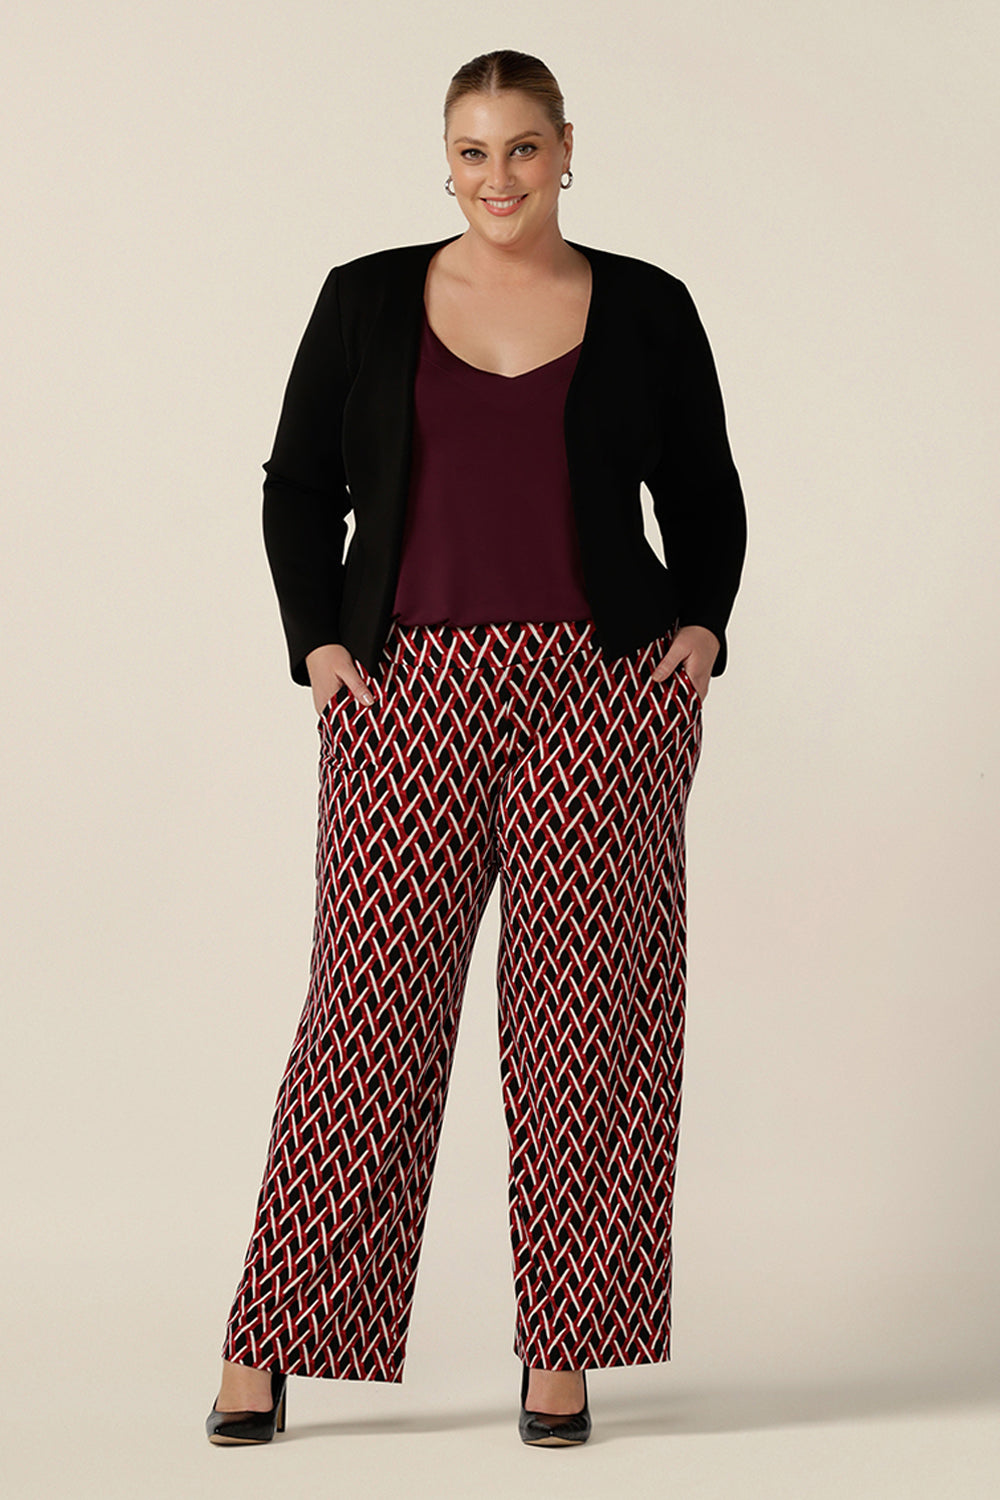 Good pants for plus size women, these geometric print pants are straight cut , wide leg trousers with a wide, pull-on waistband. Styled for work wear, these office pants are worn with a plum cami top and workwear jacket in black. Made in Australia, shop online now in sizes 8 to 24.
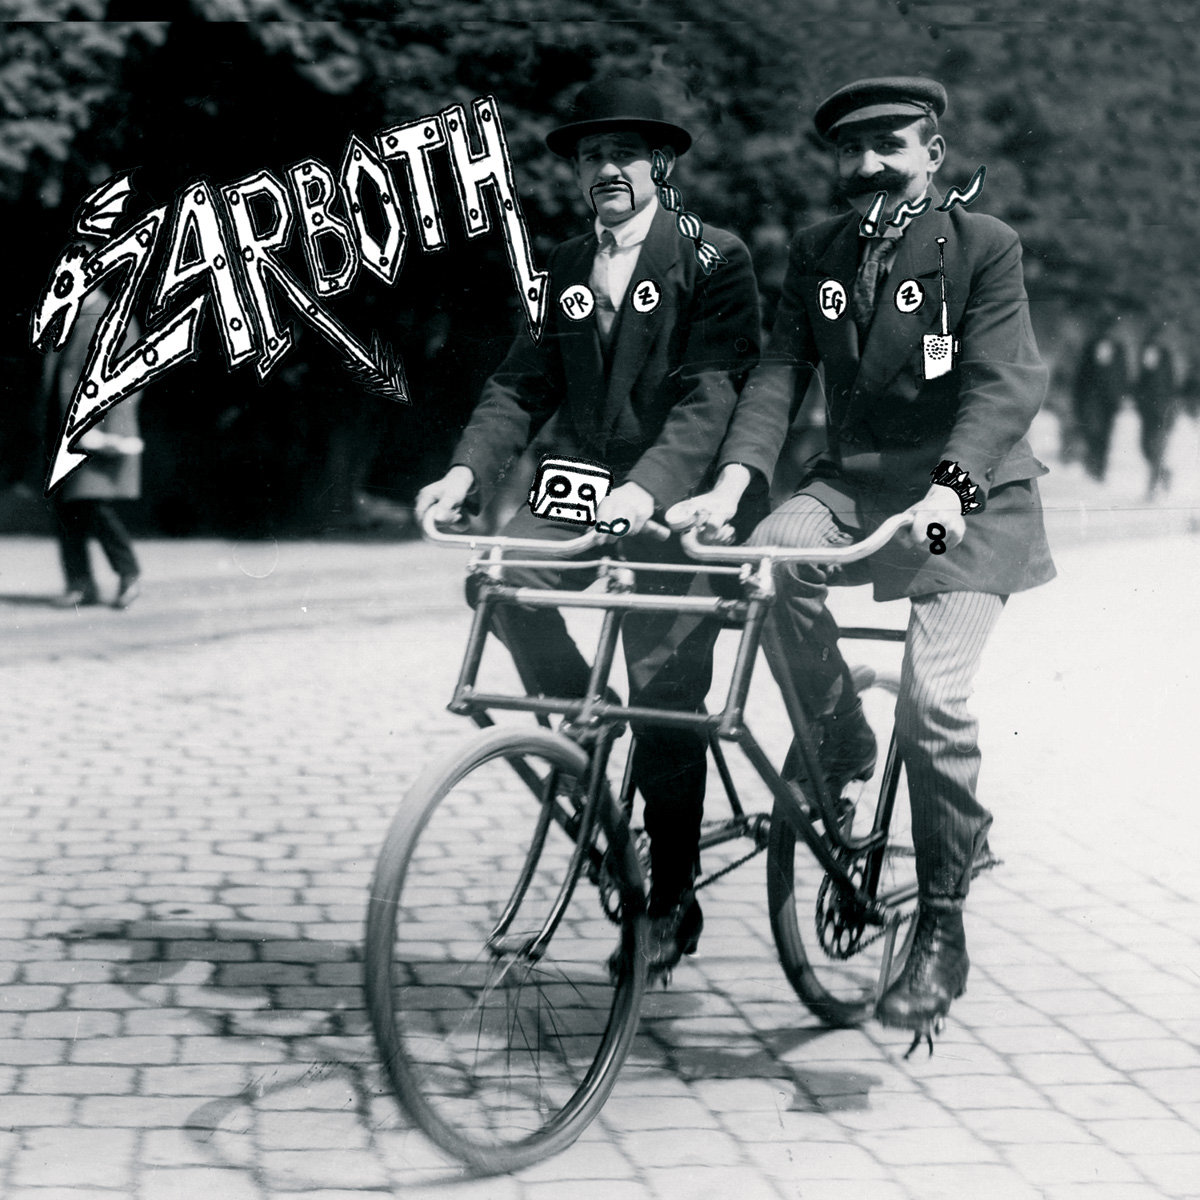 Zarboth self-titled
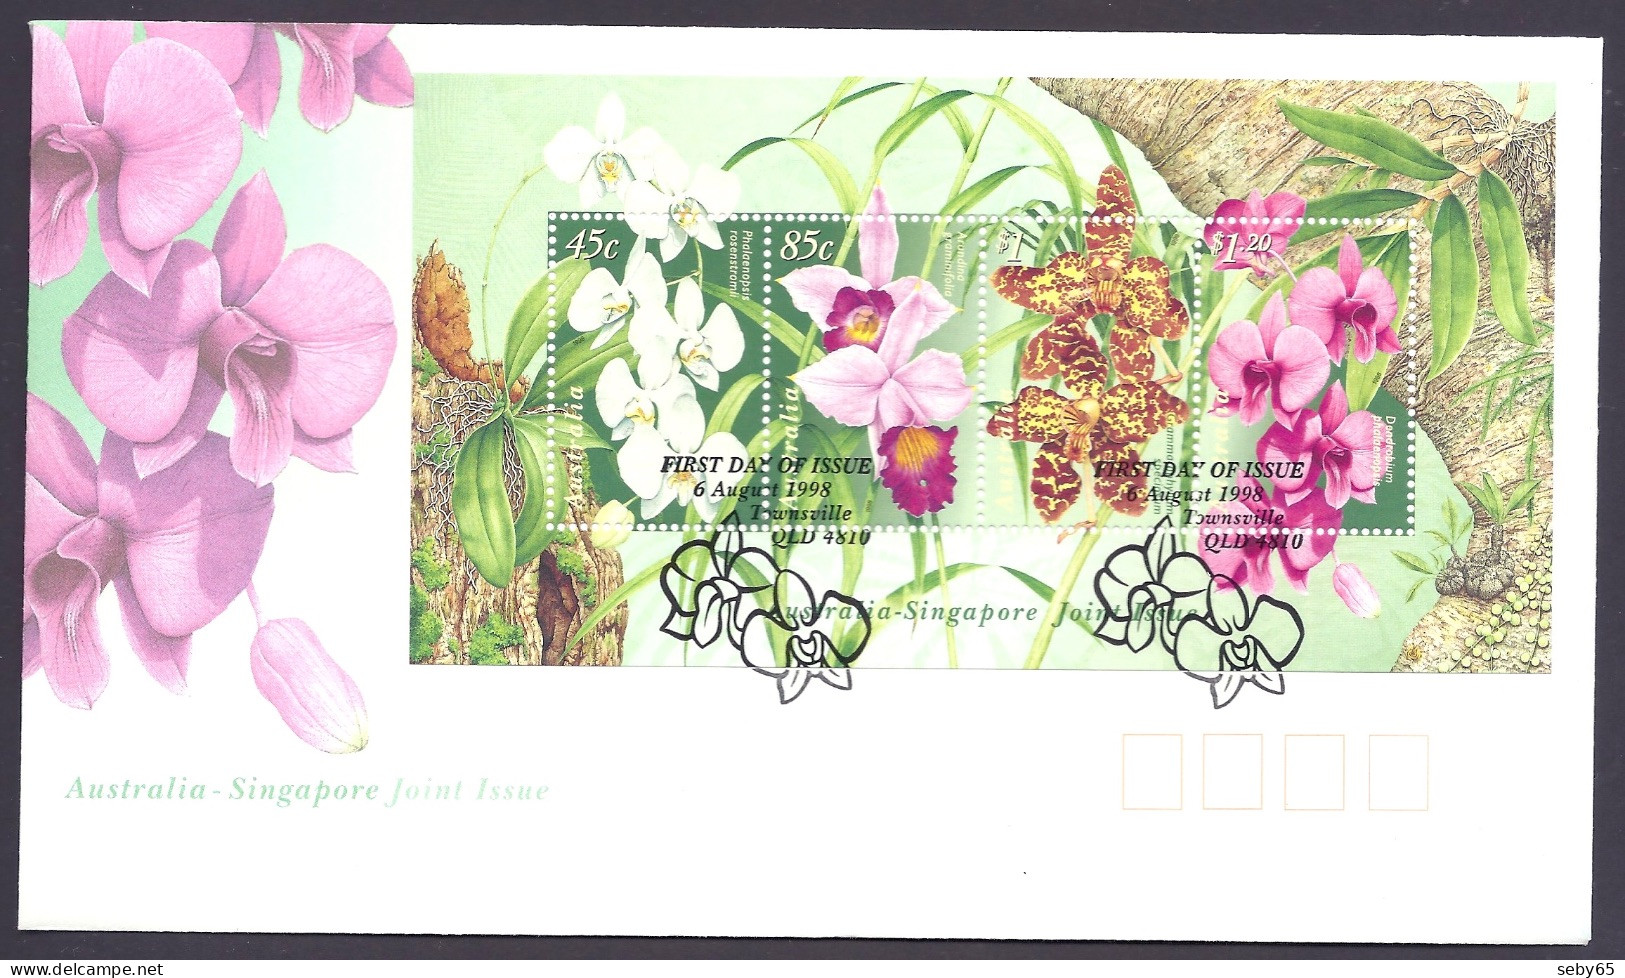 Australia 1998 - Flora, Flowers, Native Orchids, Orchid, Joint Issue With Singapore - Miniature Sheet FDC - Premiers Jours (FDC)
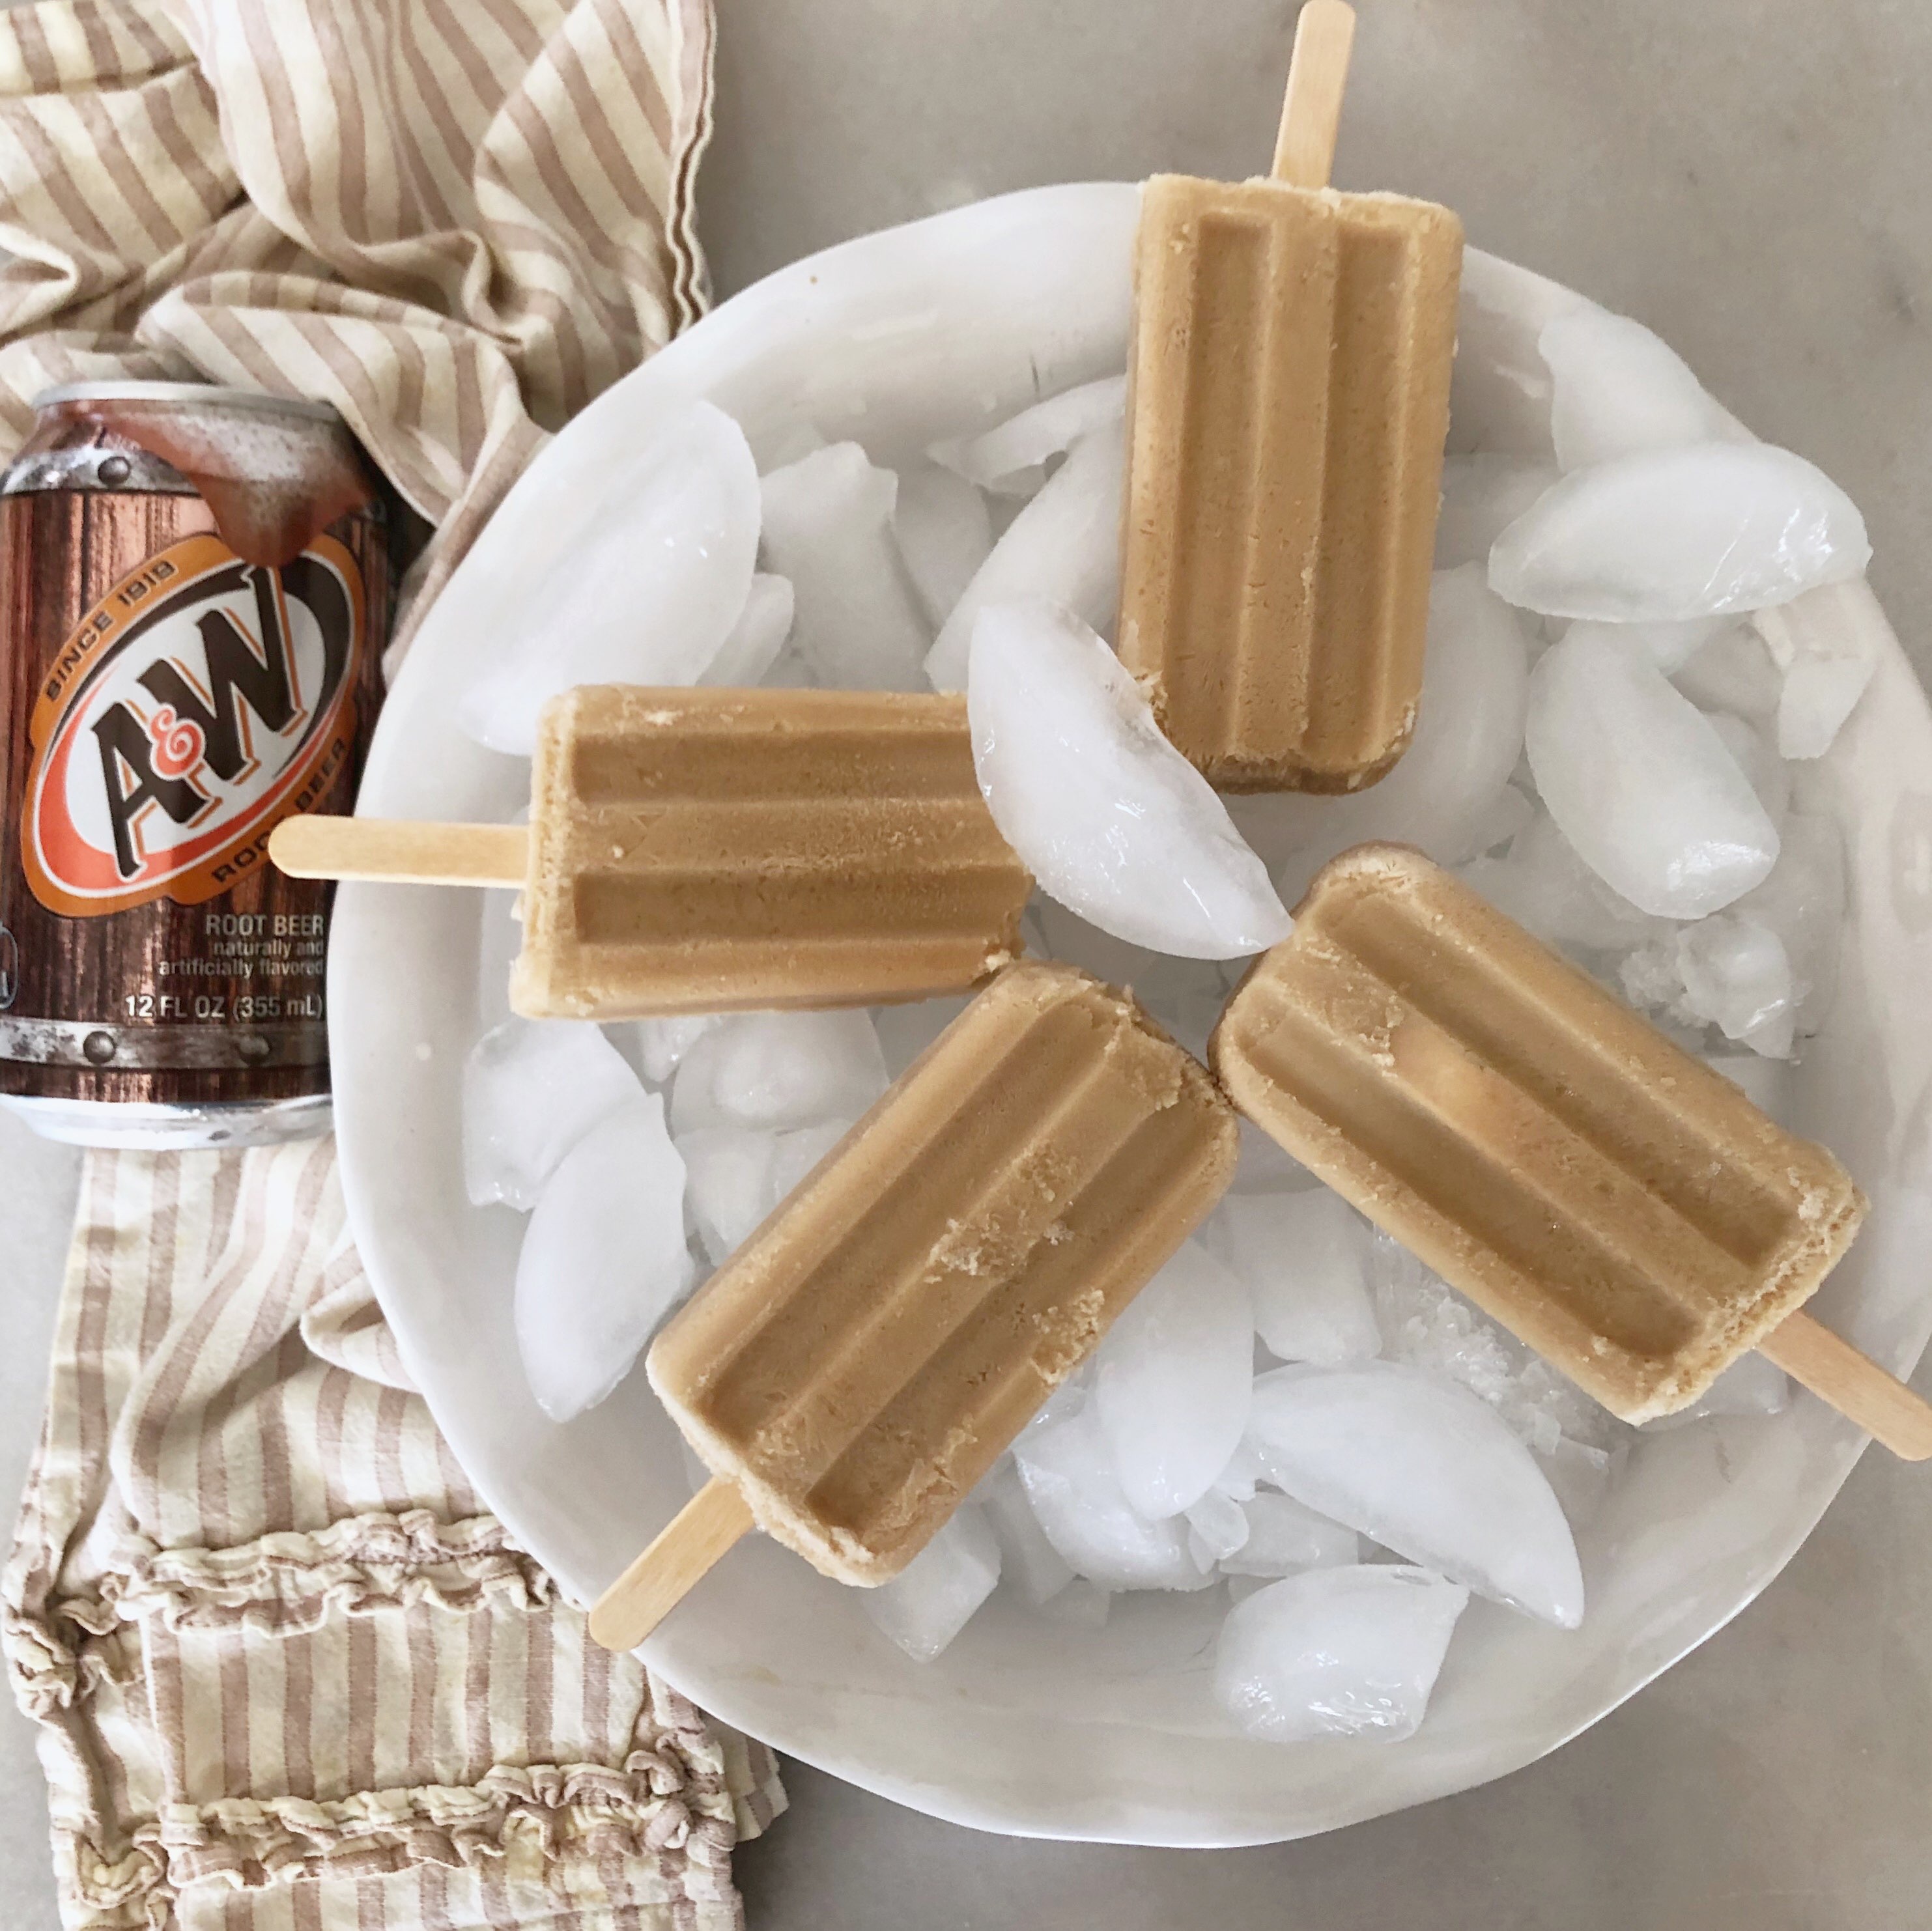 4 rootbeer popsicles on ice with can of A & W rootbeer

# EXERCISE AIM:
Your task is to restate word for word the lines from the top of the data to the line containing "Zarboth self-titled", both ends included, with every picture left out.

# ANSWER FOR THE TASK:
 Good pants for plus size women, these geometric print pants are straight cut , wide leg trousers with a wide, pull-on waistband. Styled for work wear, these office pants are worn with a plum cami top and workwear jacket in black. Made in Australia, shop online now in sizes 8 to 24.
 Zarboth self-titled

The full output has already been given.